In a major milestone for Pakistan’s telecom sector, the country’s largest mobile network operator has successfully completed the transfer of its mobile tower assets to a dedicated tower company, following years of regulatory delays and failed deals. The sale of Jazz’s 10,500 towers, previously managed by its wholly owned subsidiary Deodar, to Engro Connect for $563 million was recently approved by the Competition Commission of Pakistan (CCP), PTA and sanctioned by the Islamabad High Court under “The Scheme of Arrangement.” This move brings Pakistan closer to aligning with international best practices in mobile infrastructure.
Globally, mobile network operators (MNOs) have shifted from owning tower infrastructure to outsourcing it to specialized firms known as TowerCos. This model allows multiple MNOs to share a single tower, reducing operating costs and enabling quicker rollout of technologies like 5G, which demands higher tower density. Countries like China, India, and Indonesia have embraced this approach, with TowerCos owning the majority of mobile towers. In Malaysia, TowerCos control over 60% of towers, while in nations such as Myanmar, Bangladesh, and the Philippines, they own more than half of existing tower infrastructure.
Pakistan began its slow transition toward tower outsourcing nearly a decade ago, with TowerCos owning about 20% of towers to date, while the majority still remain under MNO control. Jazz first explored this transition in 2017 by transferring its towers to Deodar and then attempting a deal with Edotco in 2018, valued at $940 million. That agreement was blocked by regulators, with no clear explanation for the rejection. A second attempt in 2022 involving TPL REIT Management Company and UAE-based TASC Towers Holding also collapsed due to complex deal structuring and delays in regulatory approval.
The latest transaction between Jazz parent company Veon and Engro Corp marks a rare regulatory success in a sector often bogged down by procedural red tape. Despite the deal finally going through, the fact that Pakistan’s largest MNO had to try three times over eight years highlights the challenges faced by operators trying to adopt globally accepted models. Telenor Pakistan also made a similar attempt in 2023 by transferring its towers to Orion Towers, but the sale did not materialise. Telenor Group CEO Sigve Brekke openly criticized the business climate in Pakistan, citing it as one of the reasons for the group’s decision to exit the market.
The inefficiencies in Pakistan’s telecom infrastructure extend beyond mobile towers. Fixed-line internet service providers continue to lay individual optic fibre cables along the same routes, creating unnecessary duplication in wealthy areas while leaving underserved regions disconnected. Fibre sharing among ISPs is rare due to competitive concerns, which discourages infrastructure sharing and slows expansion. A more efficient model, adopted in countries like Singapore and Sweden, relies on neutral telecom infrastructure providers (TIPs) who own and manage fibre networks accessible to all ISPs on a rental basis.

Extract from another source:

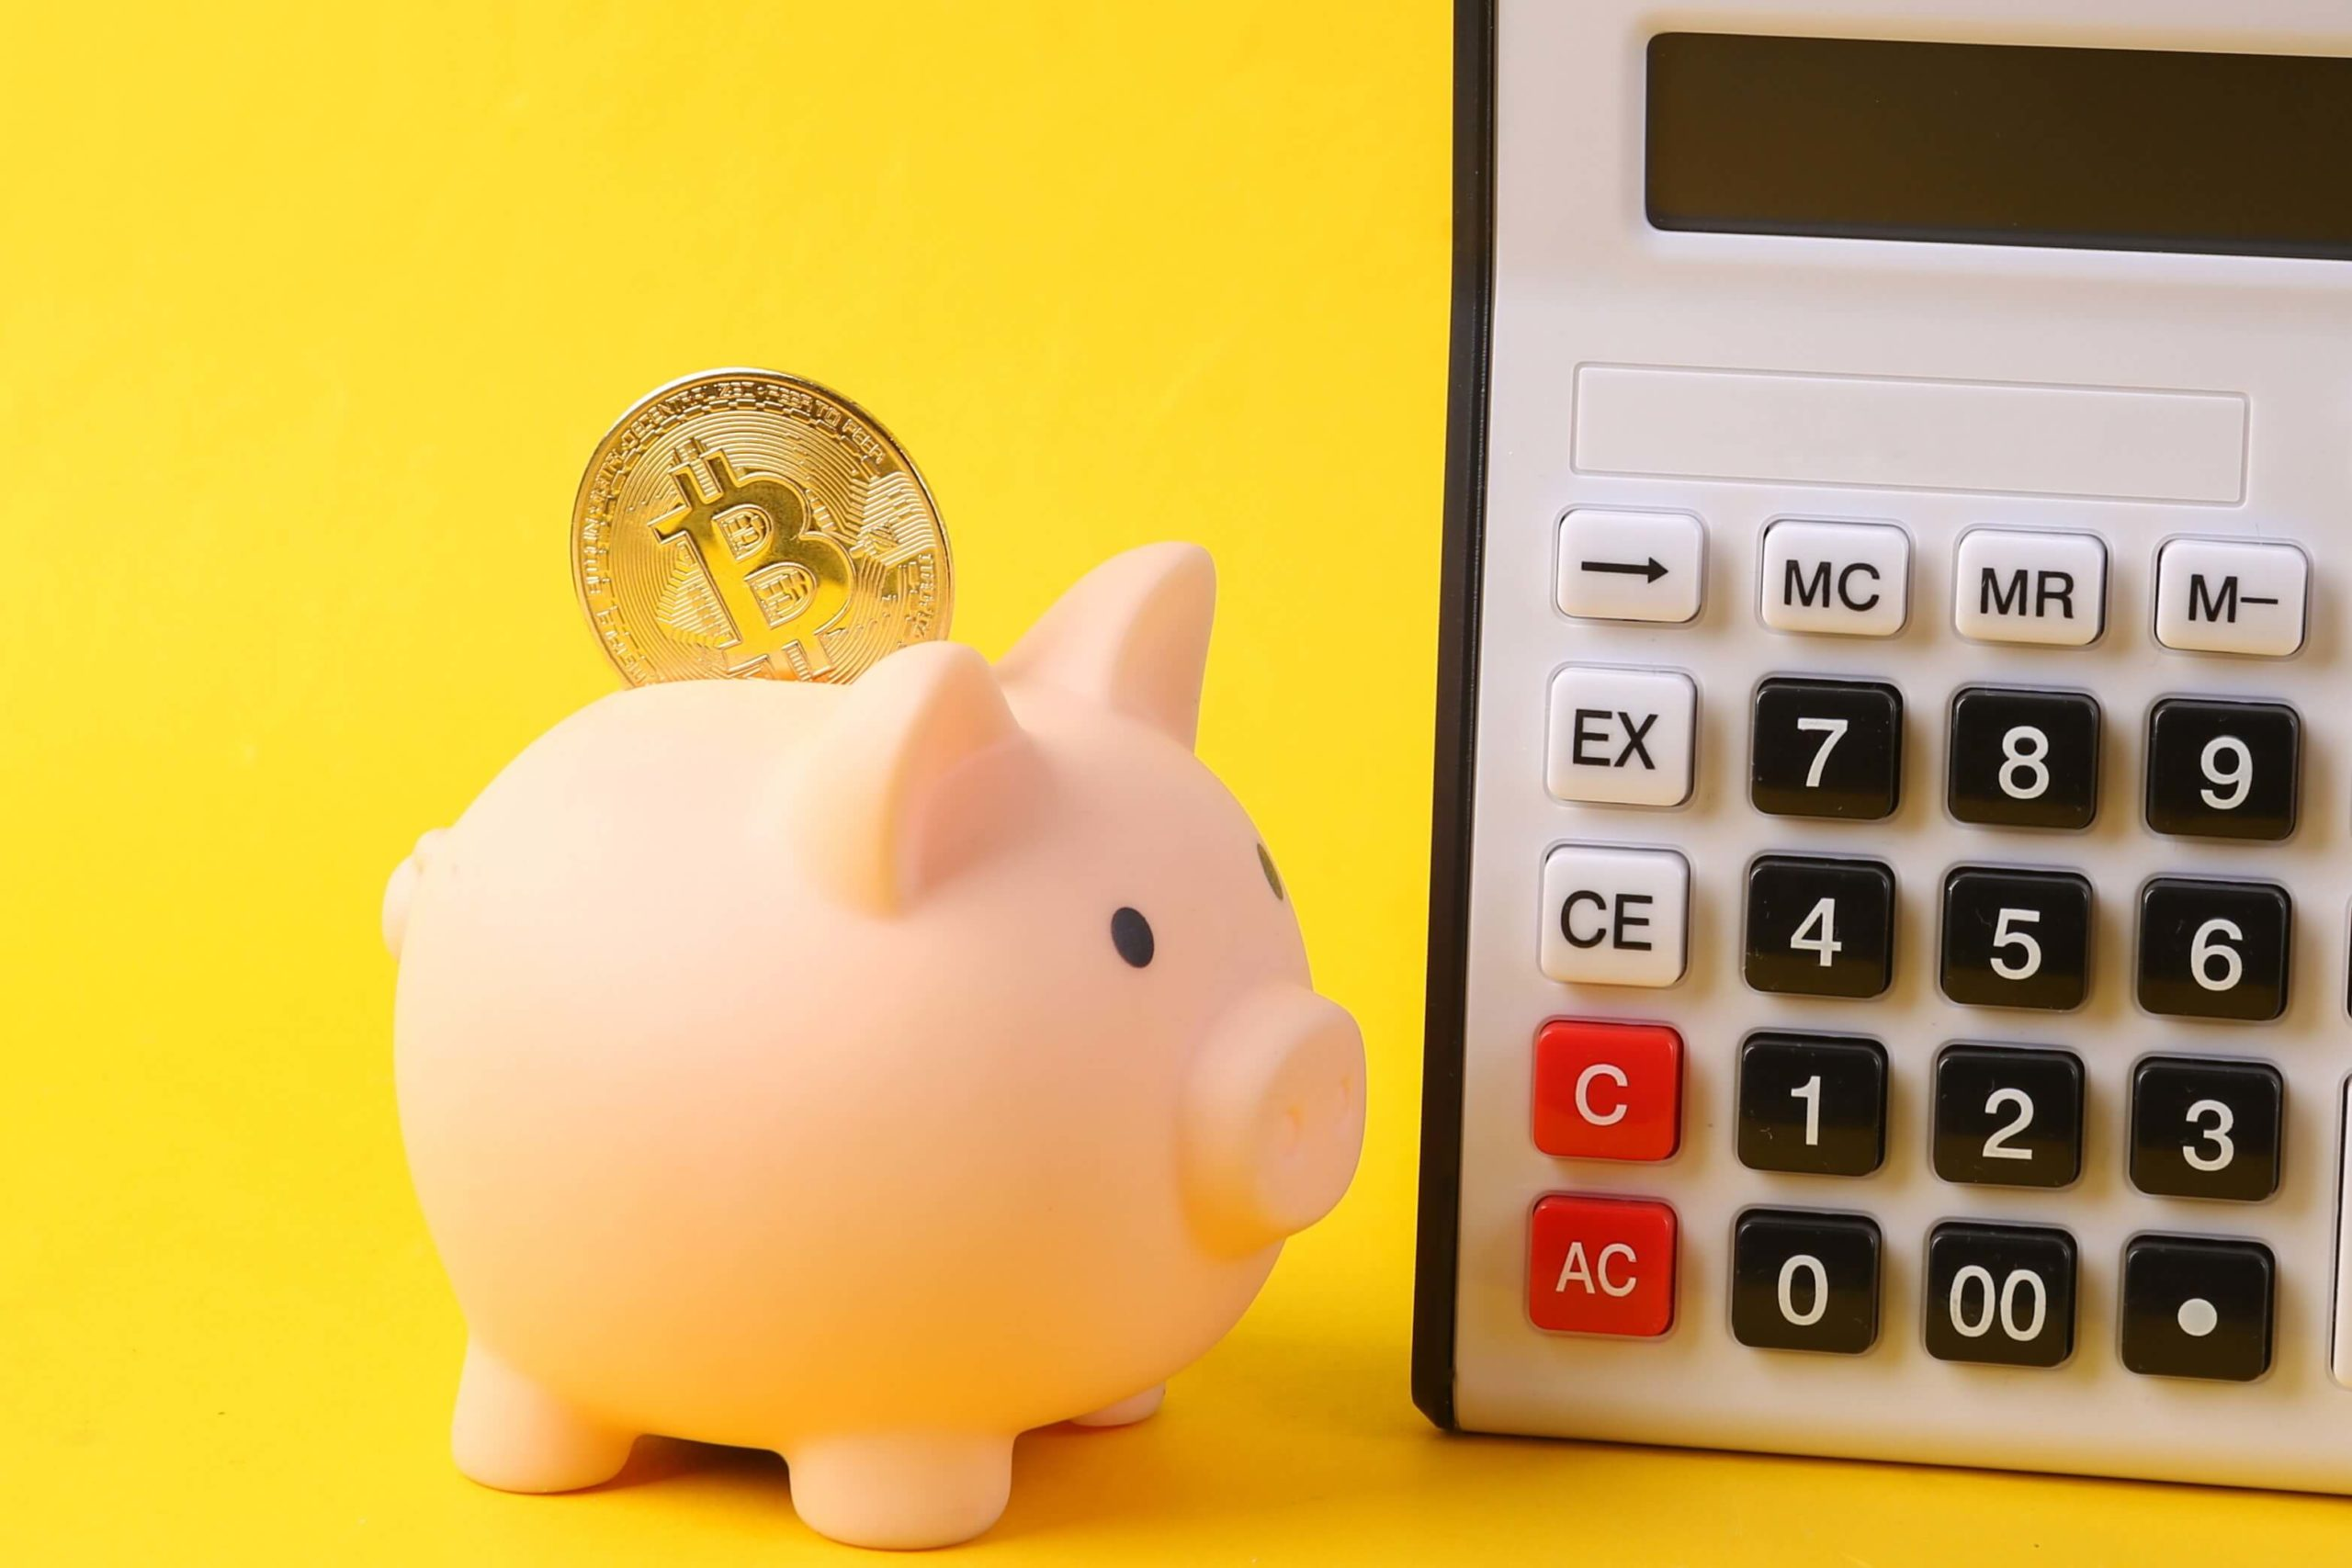 I tassi di risparmio cripto sono 10 volte superiori a quelli convenzionali principali, ma fa per te?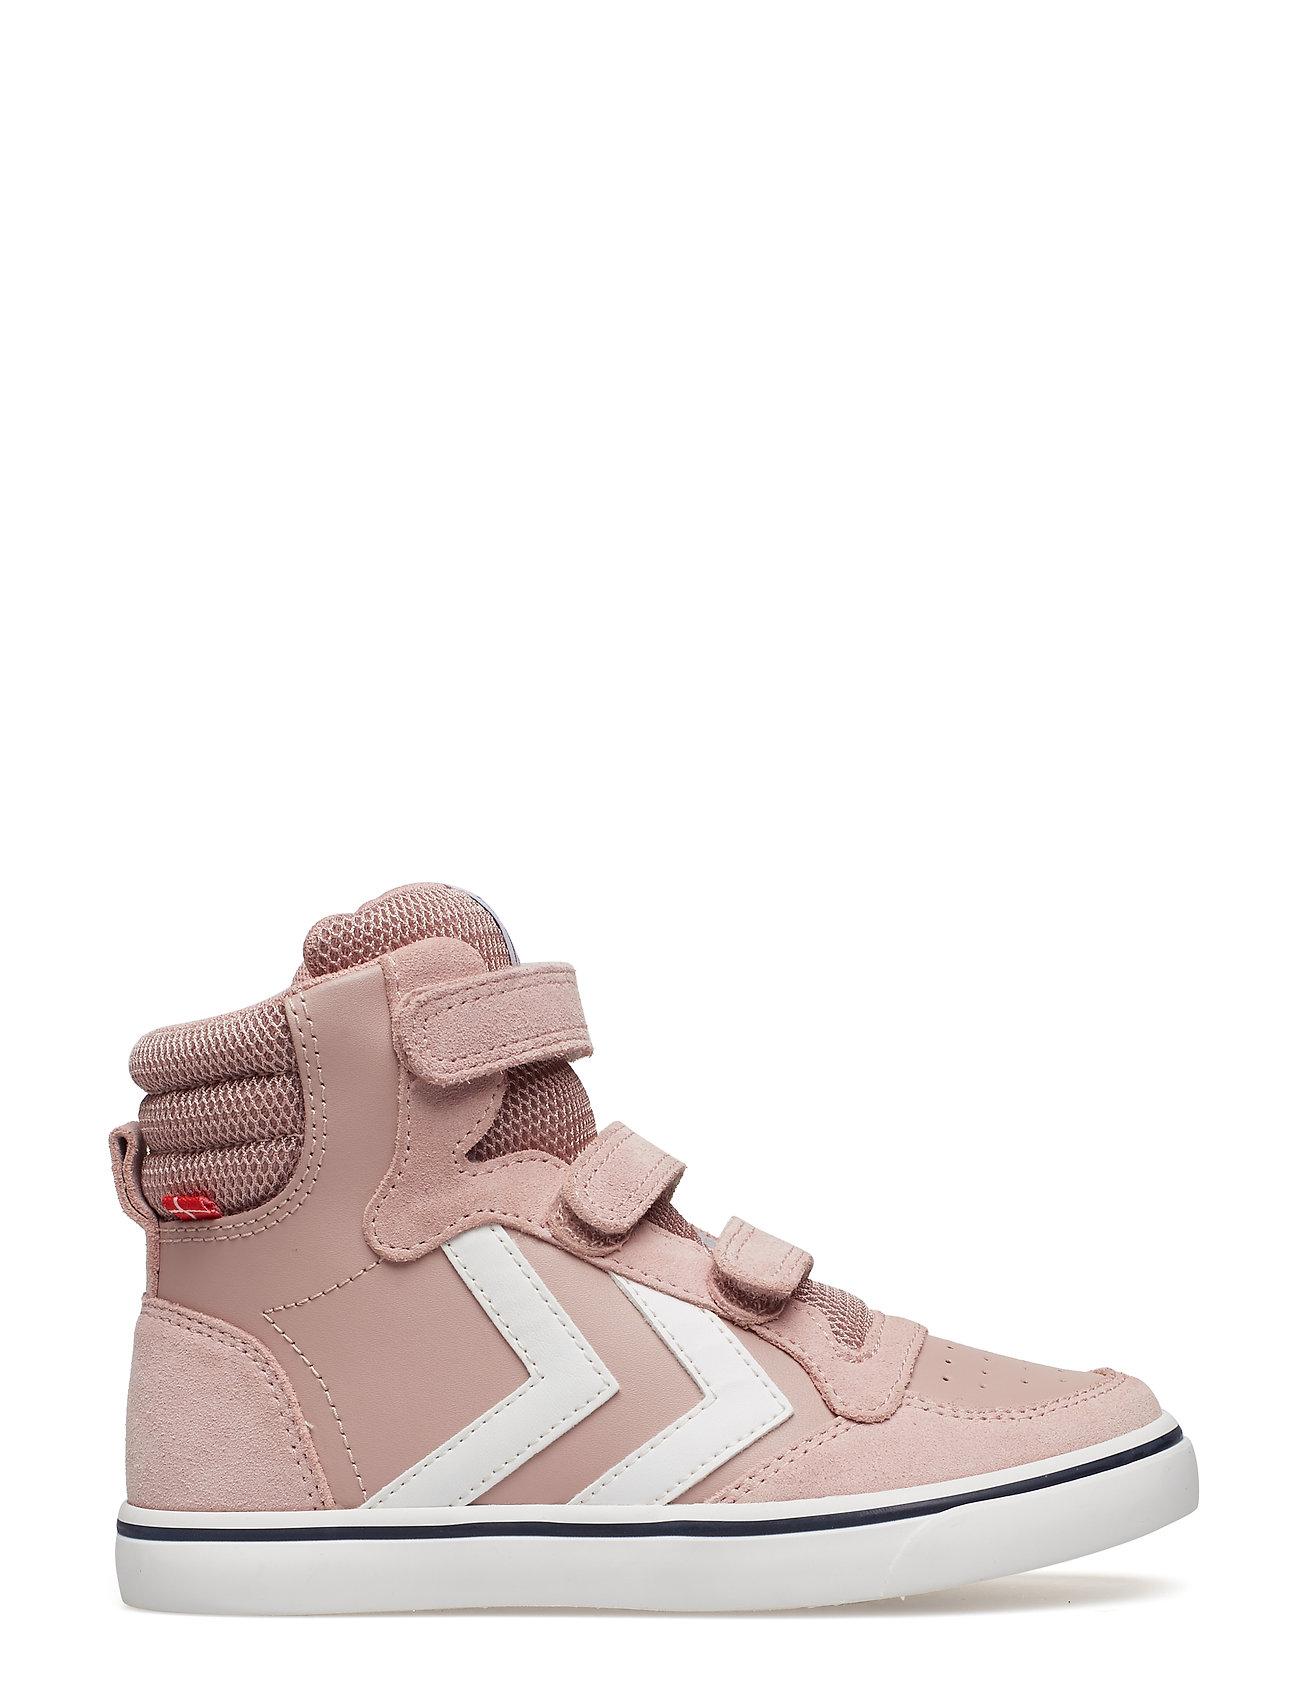 8283dfa379b Stadil Leather High Jr sneakers fra Hummel til børn i BLACK IRIS ...

Pakistan does have a licensing category for TIPs, but the absence of a robust regulatory framework impedes their growth. Shifting the focus of initiatives like the Universal Service Fund (USF) from subsidising individual ISPs to supporting TIPs would significantly improve fibre network reach and utilisation. Creating a policy environment that supports neutral infrastructure providers for both mobile and fixed networks is essential for building the foundation of a truly inclusive Digital Pakistan.